Methods for estimation of ice-resistance involve:
- Model Tests
- Full-scale trials
- Empirical and numerical approaches based on past collective data.
To begin with, in the case of full-scale trials, the estimation of ‘pure ice resistance’ is based on the fact that the net ice resistance, as shown above, is composed of the open water resistance and ‘pure ice resistance’ itself. Now, Wave resistance is computed empirically from given equations.
Moving on to frictional resistance, it is calculated from model experiment data and extrapolated from existing data. So, now the last variable that needs to be calculated is the Net Resistance itself. Two methods exist
1) Shaft Thrust Method
2) Shaft Torque Method.
More common is the first one.
The estimation process includes an interplay of full-scale trials and model test. The entire aspect works on a dramatically proven hypothesis that the thrust deduction factor, t is the same in open water and in icy conditions. Though no mathematical reasoning has been provided for the same, it can be argued that the resistance offered by ice shards is similar to waves in open seas, which are minimal in icy waters and in level ice conditions when the vessel is treading forward to break the ice. The absence of one and omnipresence of another in either of the cases strike a balance! Now from open water model tests, the thrust deduction factor tp (= ti) is deduced using plot data of tp v/s Jm (advance coefficient = Ship advance Speed (V)/ Propeller Shaft rotating speed (n)* Diameter of Propeller (D)). For computing Jm, all the parameters in terms of ship speed, shaft rotation speed and propeller diameter are available from full-scale trials. Moreover, the shaft thrust in icy water conditions (Tbi) is also obtained from engine readings in trial. Hence, from the definition of thrust deduction factor itself, the net resistance in icy waters (Riw) is calculated. Now as the equation goes,
Riw = (1-tp)*Tbi
Also, the data of resistance in open waters is computed from either model data or extrapolation from full-scale data. Subtracting the latter from the net resistance in icy waters, as per the above equation, the resistance of pure ice is obtained.
The calculation of the various resistances can be calculated from purely model tests as well as per standard procedures like one prescribed by ITTC. The main challenges in model testing lies in the laying of ice, maintenance of ice in the ambient temperatures and accurate measures of resistance posed by ice.

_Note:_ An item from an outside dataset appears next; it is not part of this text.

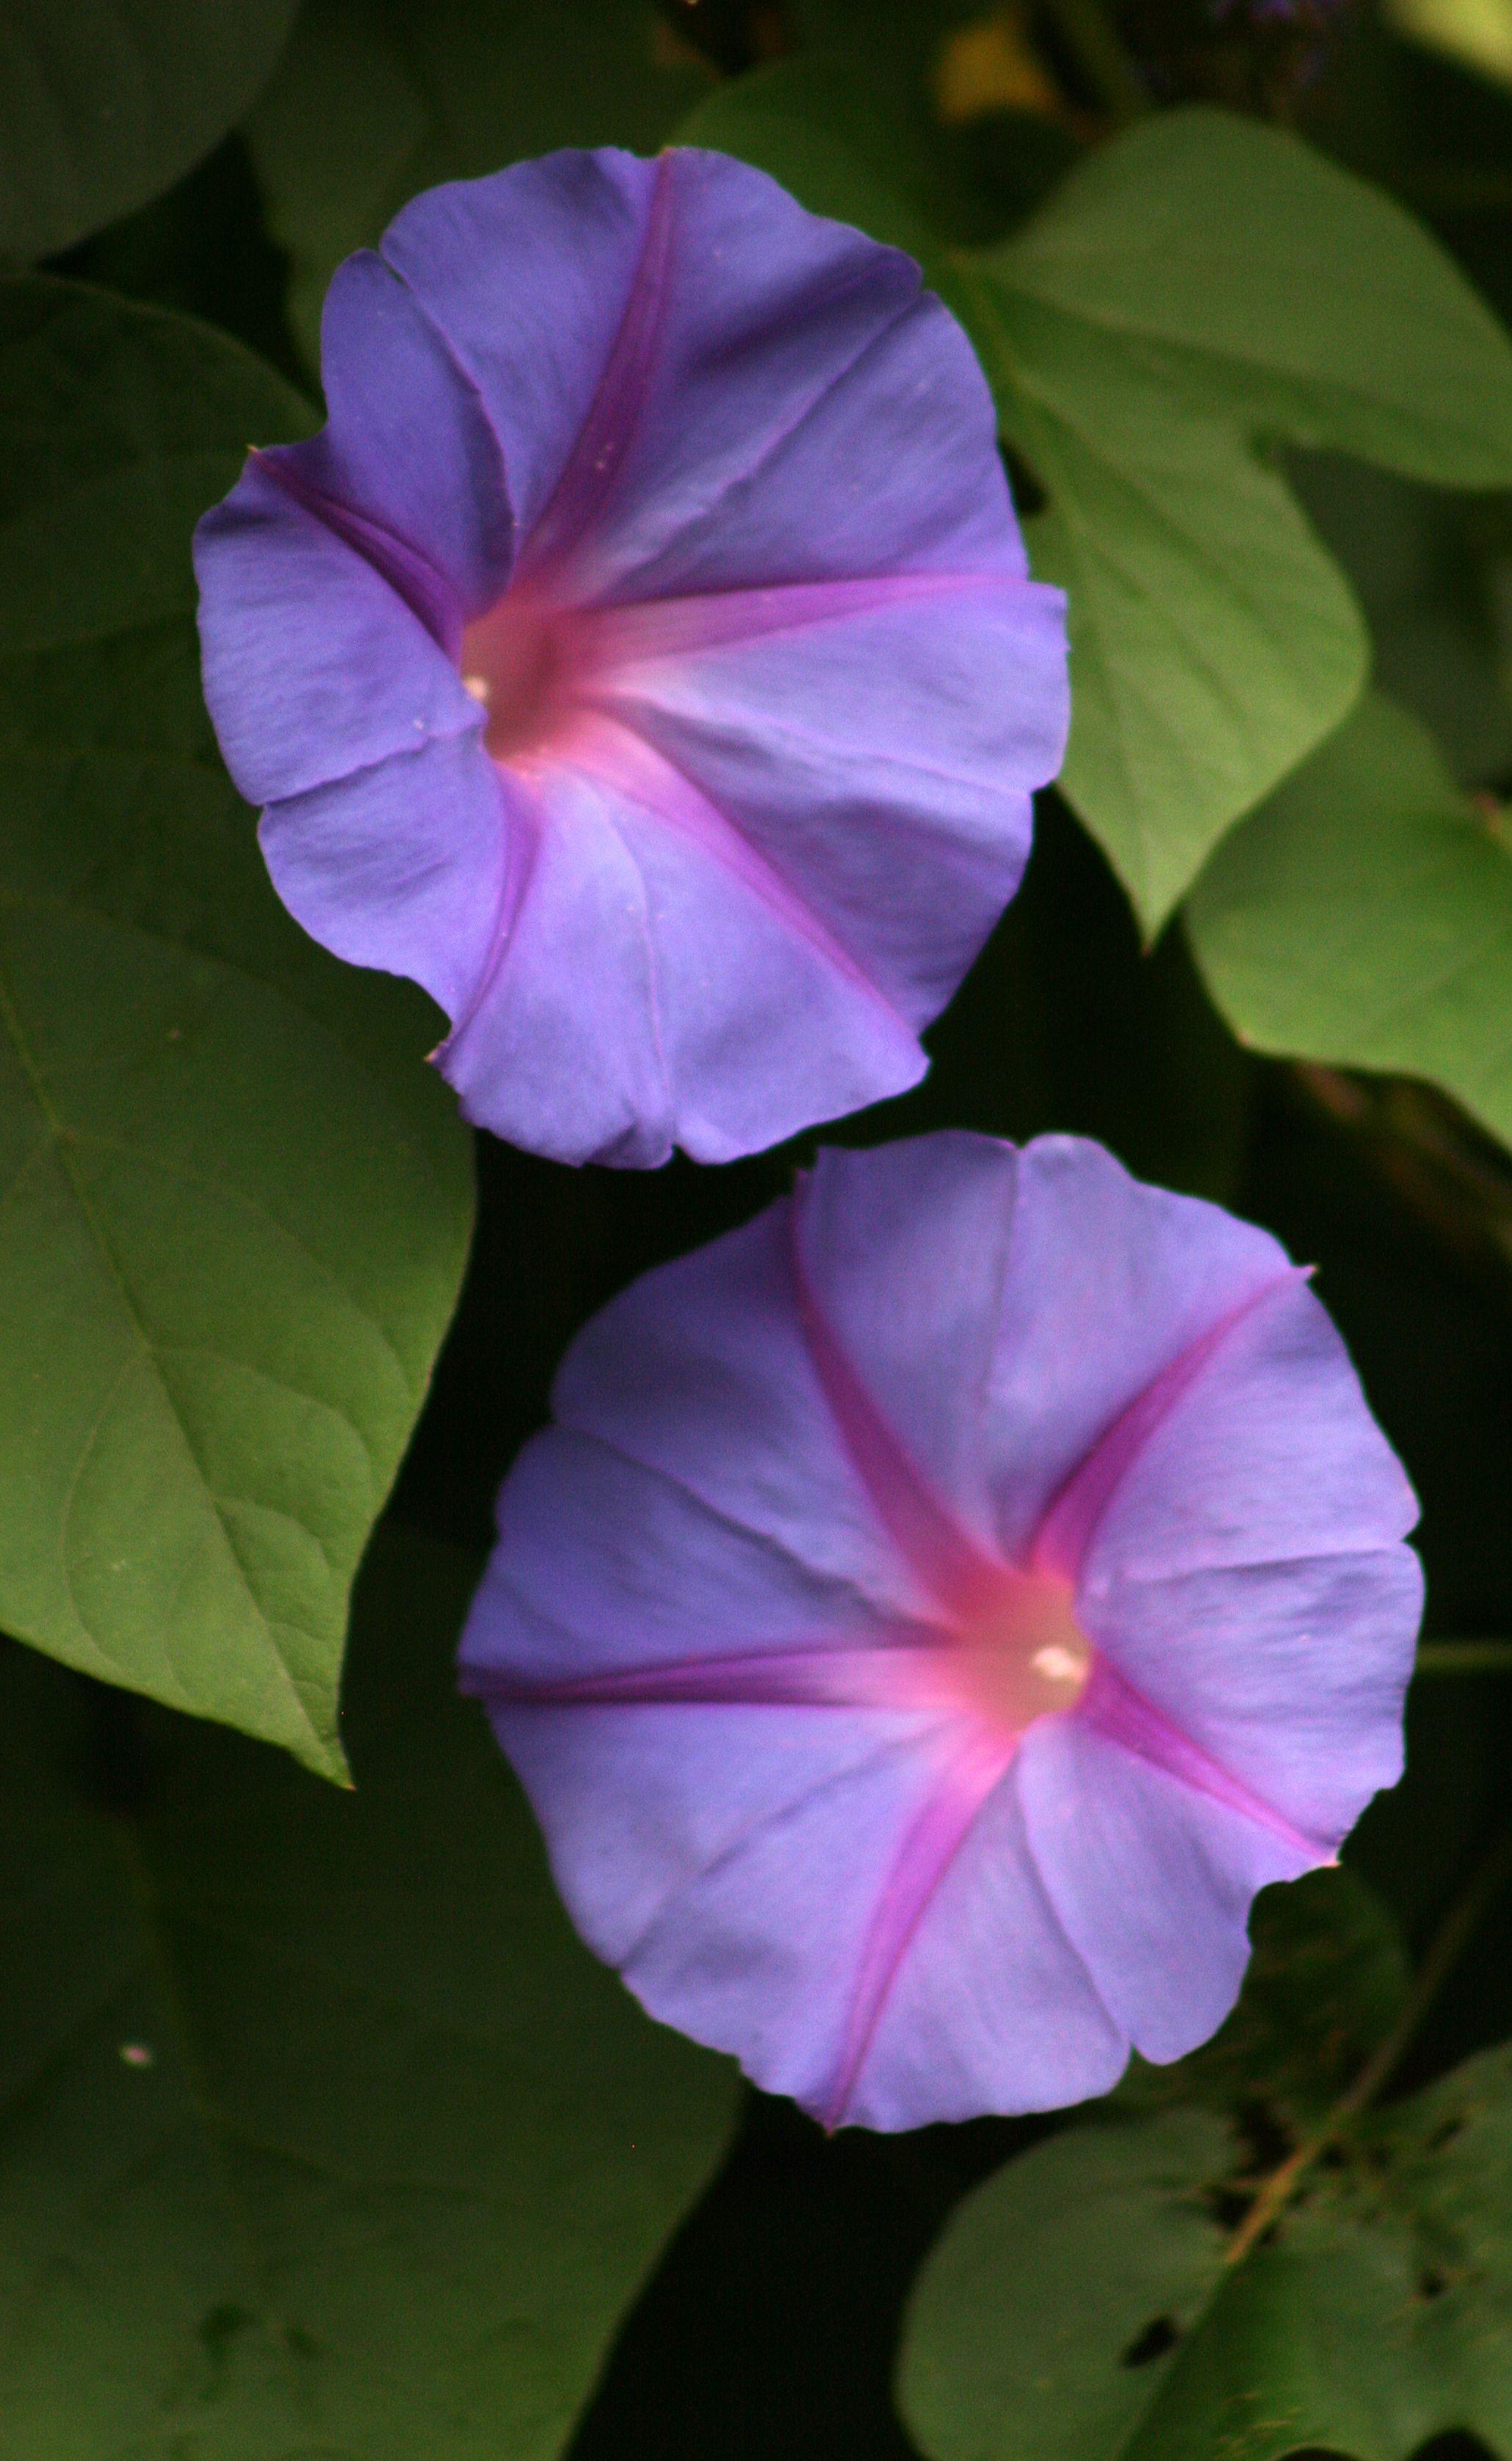 Morning Glory Morning Glory Flowers Purple Flowers Amazing Flowers

Various methods of model ice production in model tank are used like ‘spraying’ and ‘seeding’. Spraying refers to the process of simply spraying several layers of fine-grained ice and allowing them to settle successively. Seeding is a bit complicated process as it involves spraying a single layer of ice and allowing it to grow in the ambient controlled conditions.
Ship-model correlation scale is similar to the basis and practises of other model tank tests. In Dynamic similarities, Froude similarity (read through our previous articles on resistance) is definitely maintained along with Cauchy similarity which involves a ratio of inertial and elastic forces (related to ice). A swathe of expansive ice exhibits elastic behaviour, remember?
To enhance relation to full-scale conditions, model testing tanks also simulate ice conditions in various feasible forms like:
- Level Ice
- Predawn ice
- Ice floes
- First-year Ridges
- Rubble ice
- Brash ice
Preparation of model for ice testing is similar to that of open-water model tests. However, special care is taken to account for the unavoidable friction between the model and ice. Model data about hull form and propulsion should be presented beforehand. Since the model ice can impose a significant amount of forces on the model ship, it’s built to suitable ice forces in the tanks without structural damage.